JULIA PRIMA was inspired by my readers. They wanted to know how and why the 21st century Roma Nova was established back in the 4th century. Most of all, they were more than curious about the people who had stood up for their values in the face of lethal threats and eventually torn themselves away from everything they knew.

Like any country Roma Nova has its own history. In our real timeline, who today doesn’t have an older relative who remembers ‘the war’? We know exactly which war they are talking about because it was such a formative experience for that generation and the following one. At school, we learn about 1066, American Independence in 1776, the Battle of Waterloo, events long in our past but which have an impact on our countries today. To give Roma Nova a depth and some collective memory, I invented a history for it with roots in real events in the 4th century.

In the rest of the Roma Nova series, even in the first hundred pages of INCEPTIO, the first Roma Nova thriller, the modern day characters often refer to Julia Bacausa and Lucius Apulius – their legendary ancestors – so when readers said they were thirsty for more, I knew I had to tell their story.


the Arch of Trajan at Carsulae
on the Via Flaminia. 

Tell us about these ancestors

Julia Bacausa, just twenty, is the passionate and independent (translation: headstrong) daughter of the pagan Celtic ruler of the Virunum region in the Roman province of Noricum (approximately present day Austria). She’s miserable and tense after a failed marriage and although legally divorced under Roman law, there is no religious annulment possible from her Christian ex-husband, the local bishop’s nephew. Her father is wary of the growing political power exerted by the new religion. If she re-marries now in Virunum, it would cause a social and political uproar. She can see no future life for herself, let alone any hope of love.

Lucius Apulius is in his mid-twenties, the son of a long-established senatorial family, but that’s a problem in itself. Emperor Diocletian’s reforms in the late Roman Empire reinforced the promotion of equites (roughly the lower tier of aristocrats/upper middle class) who were increasingly professionalised and taking over the military and administrative roles of governing the empire. Diocletian excluded the senatorial class from all senior military commands and from all top administrative posts except in Italy as he considered them entitled and useless. However, while true in numerous cases, some senatorial sons like Lucius (and his friend Gaius Mitelus) are nevertheless keen to serve and are making a success of military careers.

In fact, Lucius is a rising star on Count Theodosius’s staff, taking part in restoring order after a rebellion in Britannia. As a reward, he’s been promised his own command in a big step for a young, ambitious tribune. It would have made his career despite his family background. But because he refuses to convert to Christianity, he’s thrown out and posted to a backwater in the mountains of Noricum. And he’s still very angry about it

Writing two such uncompromising characters who are nevertheless sensitive human beings smarting from life’s unfairness is grist to the mill for any writer. In fact, part of the fun of writing is creating a raft of characters with vastly different personalities and watching them react with each other!

a travelling carriage

How different is it from writing alternative history?
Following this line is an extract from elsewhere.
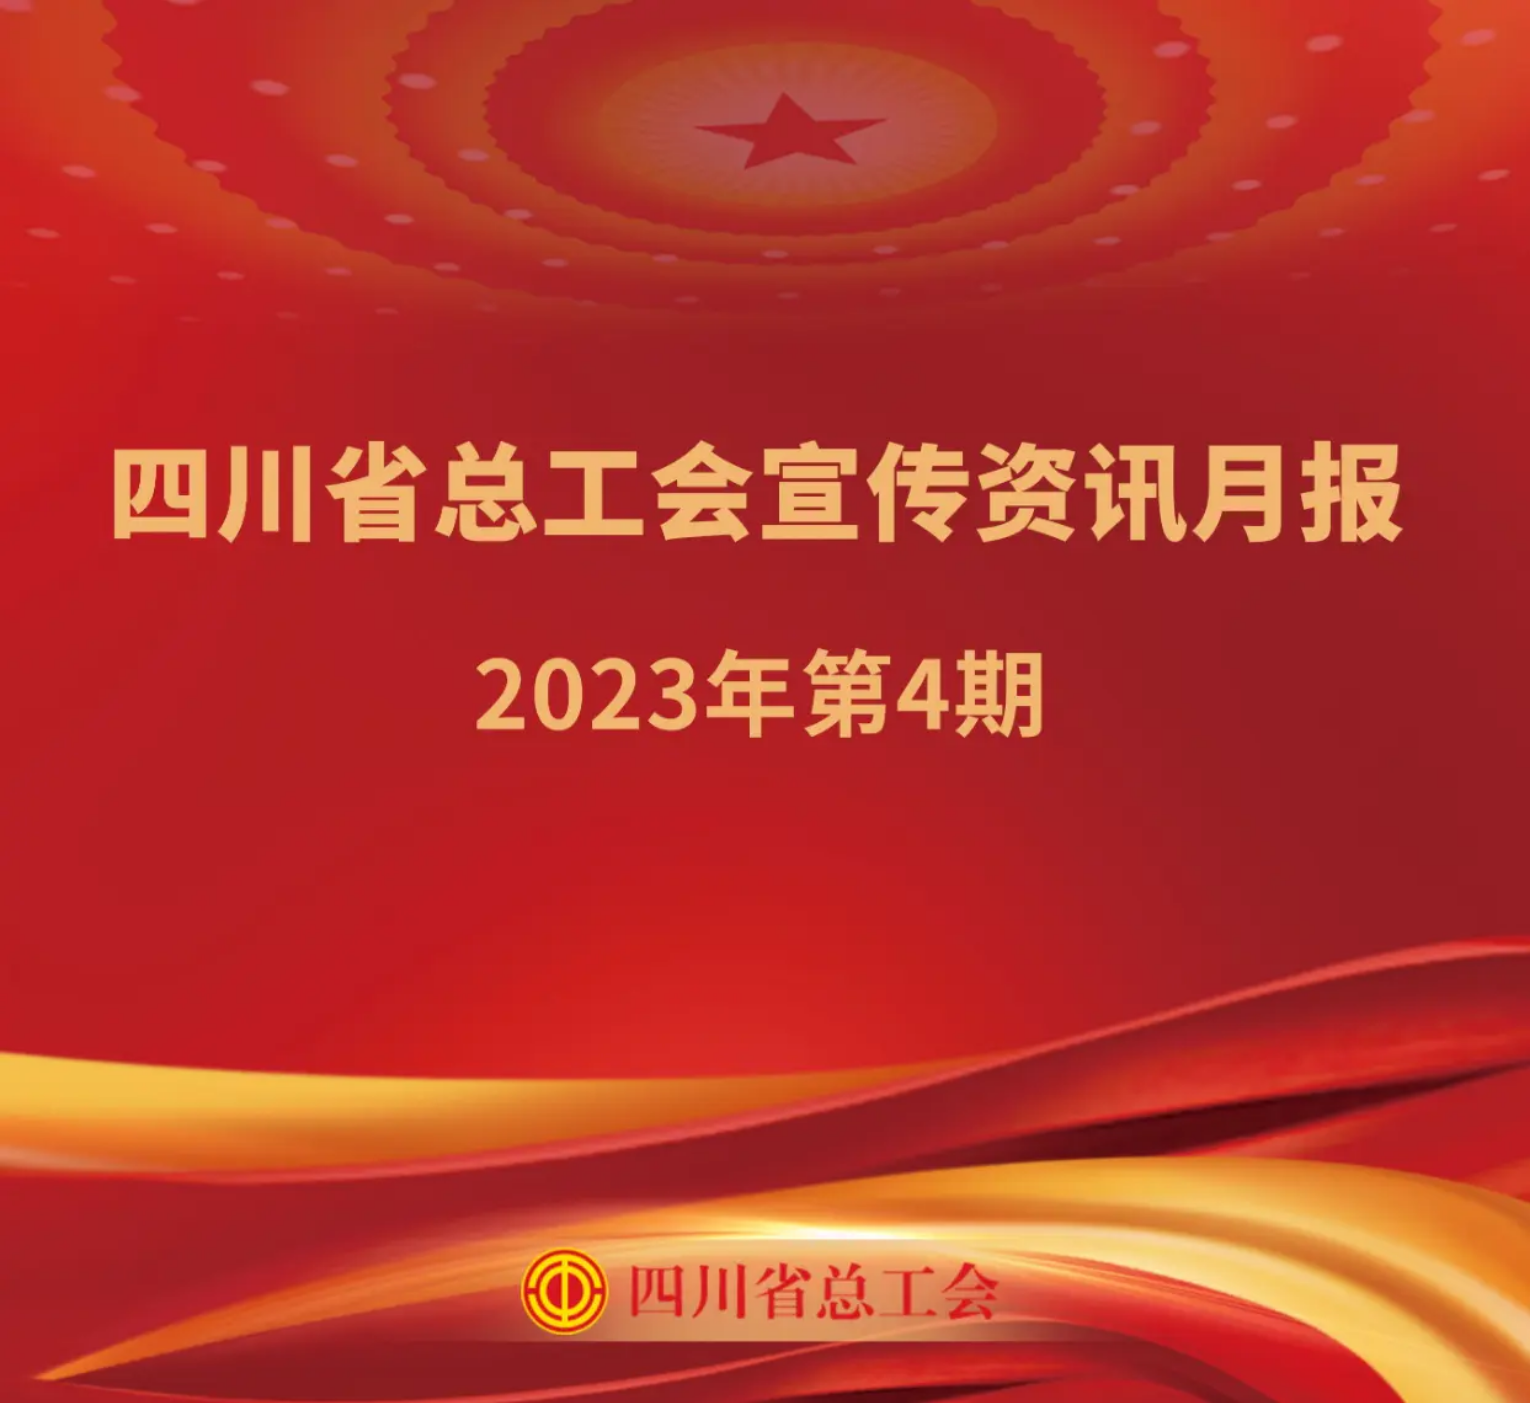 四川省总工会宣传资讯月报2023年第4期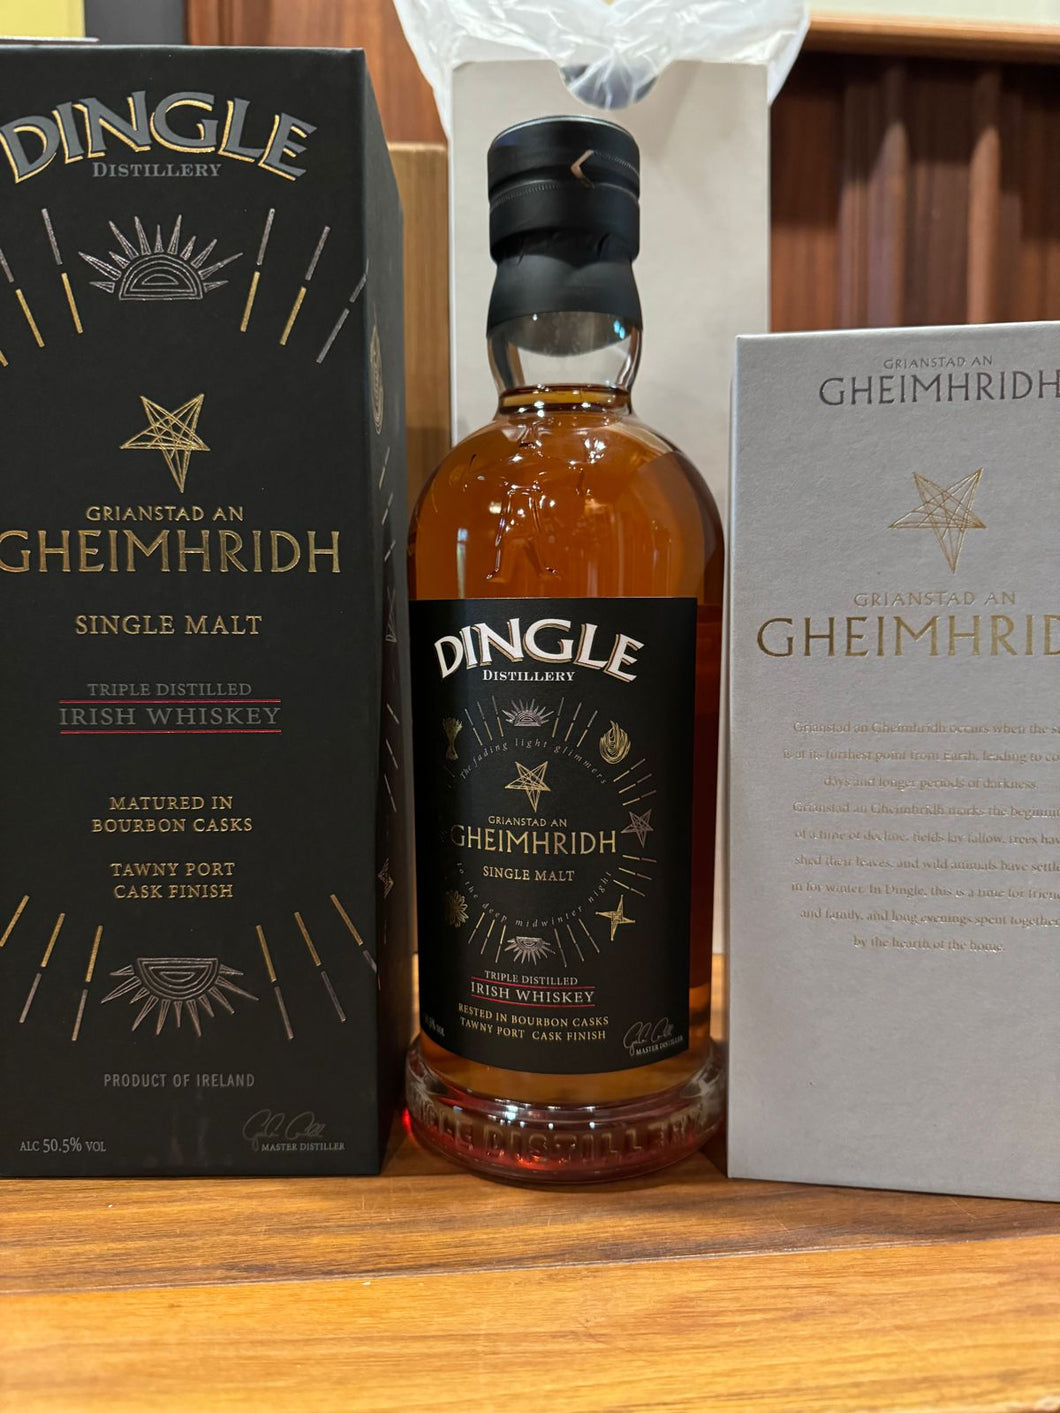 Dingle Grainstad an Gheimhridh Single Malt Irish Whiskey 750ml

JULIA PRIMA is set in our historical timeline between AD 369 and 371 when the Roman world was riddled with religious strife and on the brink of transformation. That transformation hasn’t kicked off yet, but it’s hovering. No moment in history is fixed; it has its causes – direct and indirect – and its consequences – short term and long term. Behind the personal story of Julia and Lucius, this new book shows how the signs of decline are well and truly there and sets the scene for the start of the collapse (in the next book!)

Alternative history takes off from a point of departure (POD) triggered by an event, large or small. Writers should use the conditions prevailing at that point as the basis for developing their alternative timeline along historically logic lines. But essentially, you are writing in a void. With historical fiction, there are sources, both documentary and archaeological, sometimes sparse and often biased, but they are something available for reference and consultation, even though analysis of these sometimes causes strong arguments!

So, on the one hand, historical fiction writers have a skeleton, sometimes a whole body of research to mine for research. But opposite that, the good historical fiction writer is constrained by being obliged to search out and check with existing sources and in my opinion, not wander too far off verifiable facts. You can’t invent new Roman emperors, for example and retain credibility – we know who they all were!

Did you encounter any special difficulties in your research?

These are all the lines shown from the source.